Reflection – Integrating Ideas

Please read the entire post before responding.

Write a reflective essay that assesses your current ability to integrate your own ideas with those of other writers by comparing at least two samples from your essays to the standards set out in the Integrating Ideas Learning Outcome below. To what degree are the ideas expressed in your own ideas formed and expressed in dialogue with those of other writers. How effectively do you use the techniques of integration?

400 words or more.

Further instructions: Build this essay around 2 samples of you integrating your ideas with those of other writers in one of the two essays we’ve written so far. You’re looking for moments when you’ve written paragraphs or paragraph-sequences that included quoted or paraphrased material from other writers. In your reflective essay, be sure to discuss the purposes for which you included the words of other writers, how you created a context for the borrowed material, your use of signal phrases, voice markers, and other technical aspects of quote integration, what strategies you used following the quote

In your reflective essay, include context-sensitive links to the Papers posts that contain your samples of your writing process and copy-and-paste your samples into your reflective essay itself. Be sure to explain how the evidence in those links support your claims.

At the end of the essay, use our NY | NTG | OK | G | EX scale to rate your skill in integrating your ideas with others.

Integrating Ideas Learning Outcome: Writers Work with the Words of Others to Make Their Own Meaning

Experienced writers use the words of others:

  1. As the object of their analysis
  2. To supply background information
  3. To contribute key concepts or ideas
  4. To provide positions or arguments with which to wrestle
  5. To shift the direction of the conversation
  6. To bring in new perspectives that:
    1. Question, challenge, complicate or reject the most obvious ways of thinking
    2. Turn the issue, question or problem so that it can be seen from another angle.

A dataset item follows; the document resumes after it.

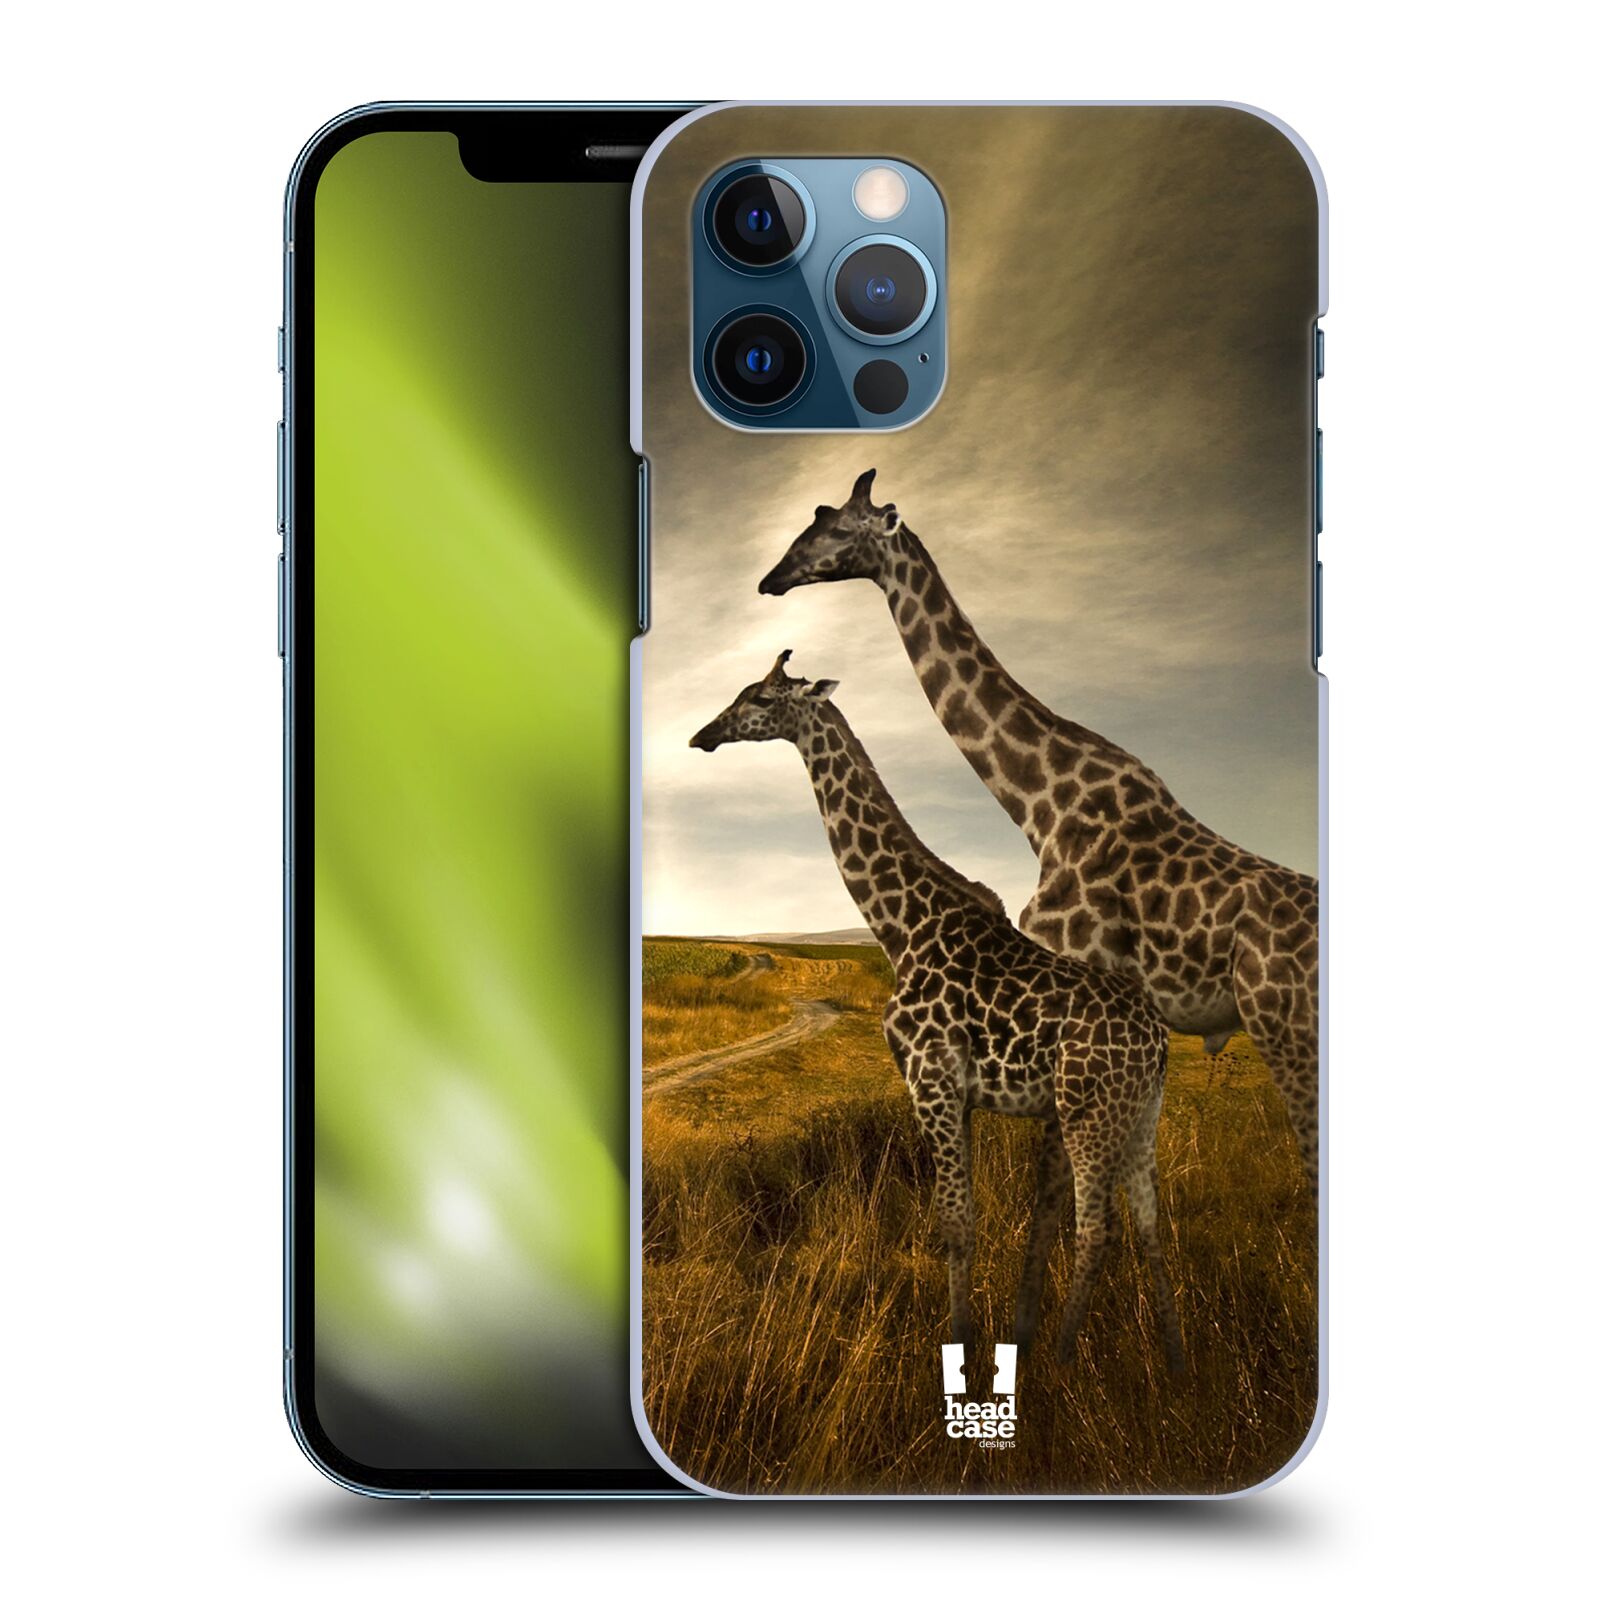 Zadní obal pro mobil Apple iPhone 12 / iPhone 12 Pro - HEAD CASE - Svět zvířat žirafy
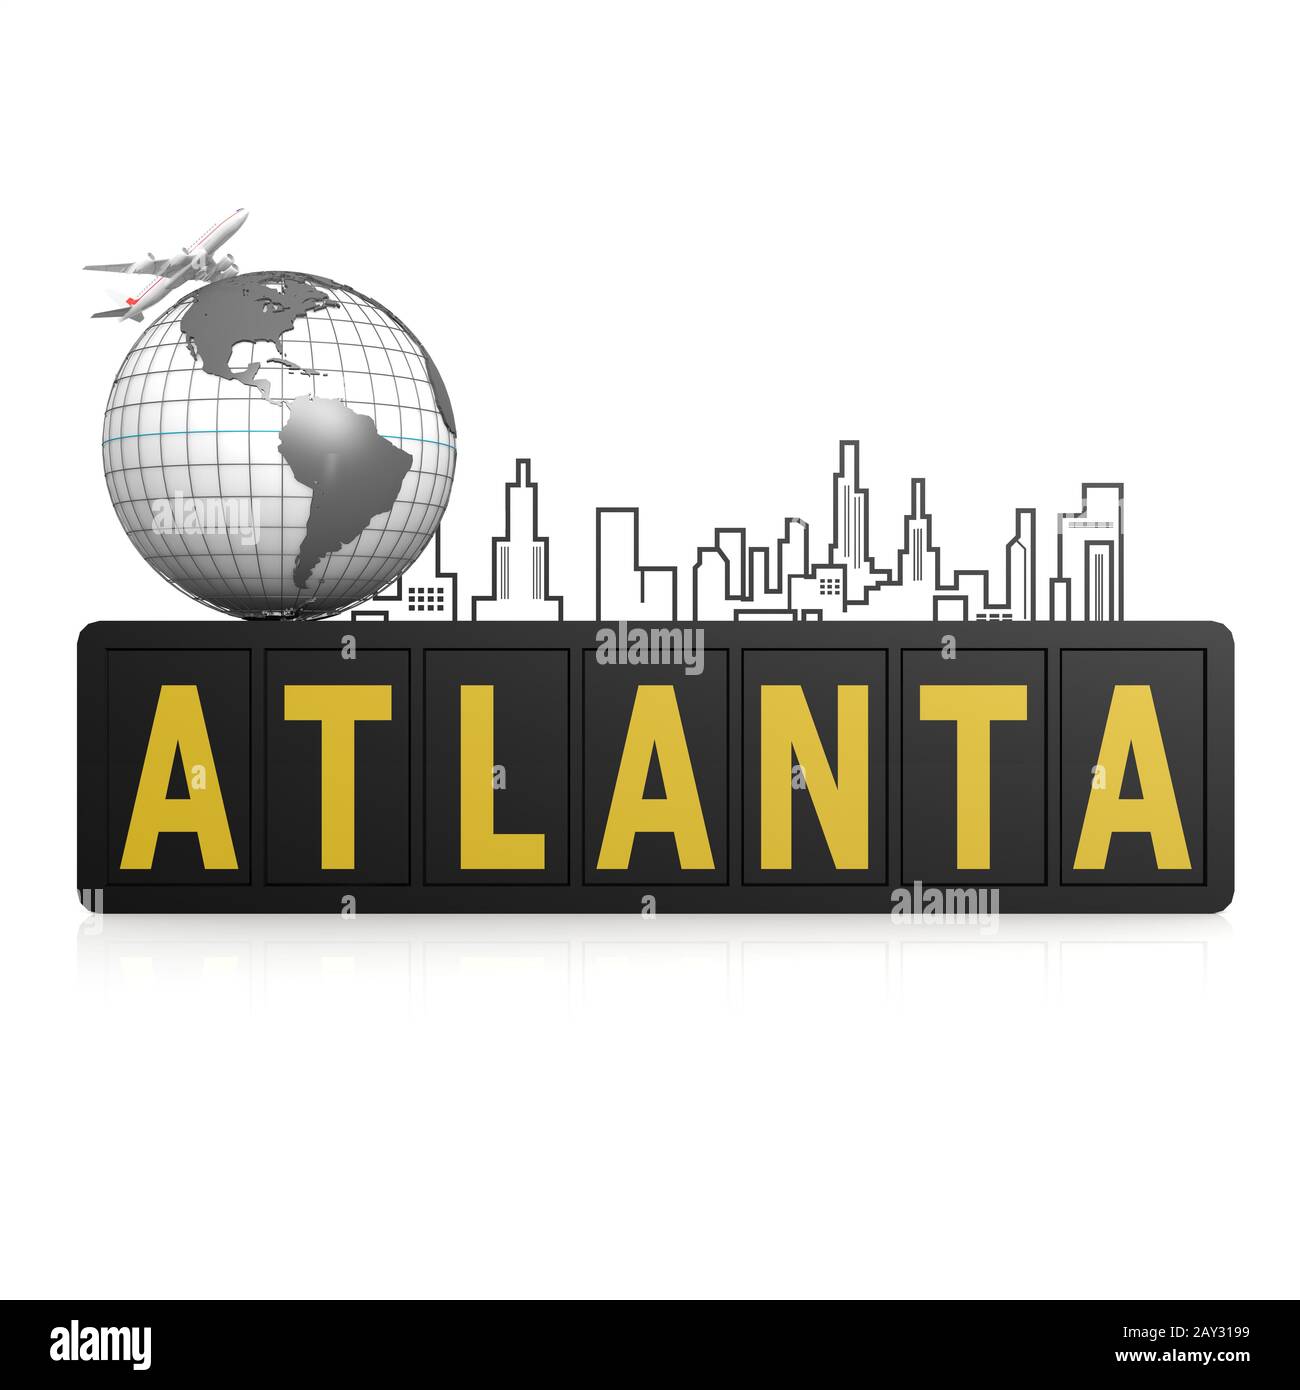 Atlanta city Stock Photo

Experienced writers ___________ the words of others.

  • Explain
  • Interpret
  • Build on
  • Extend
  • Confirm
  • Apply
  • Question
  • Challenge
  • Complicate
  • Reject

Experienced writers effectively embed the words of others in their writing by:

  1. Creating a meaningful context for the words (summaries, quotations and paraphrased) they borrow from others
  2. Fairly representing the meaning of the words (as determined by the original context) they borrow from others
  3. Distinguishing their own words from the words they’re borrowing by using
    1. Well-chosen signal phrases
    2. Voice markers that convey their attitudes towards the borrowed words
    3. Parenthetical citation
  4. Explaining how their own ideas connect with the ones they are borrowing
  5. Embedding the words of others into sentences of their own
  6. Using block quotes appropriately
  7. Using ellipses … to indicate omitted words and brackets [ ] to indicate inserted words
  8. Providing readers direct access to sources through quotation and indirect access to sources through summary, paraphrase, parenthetical citation, and Works Cited.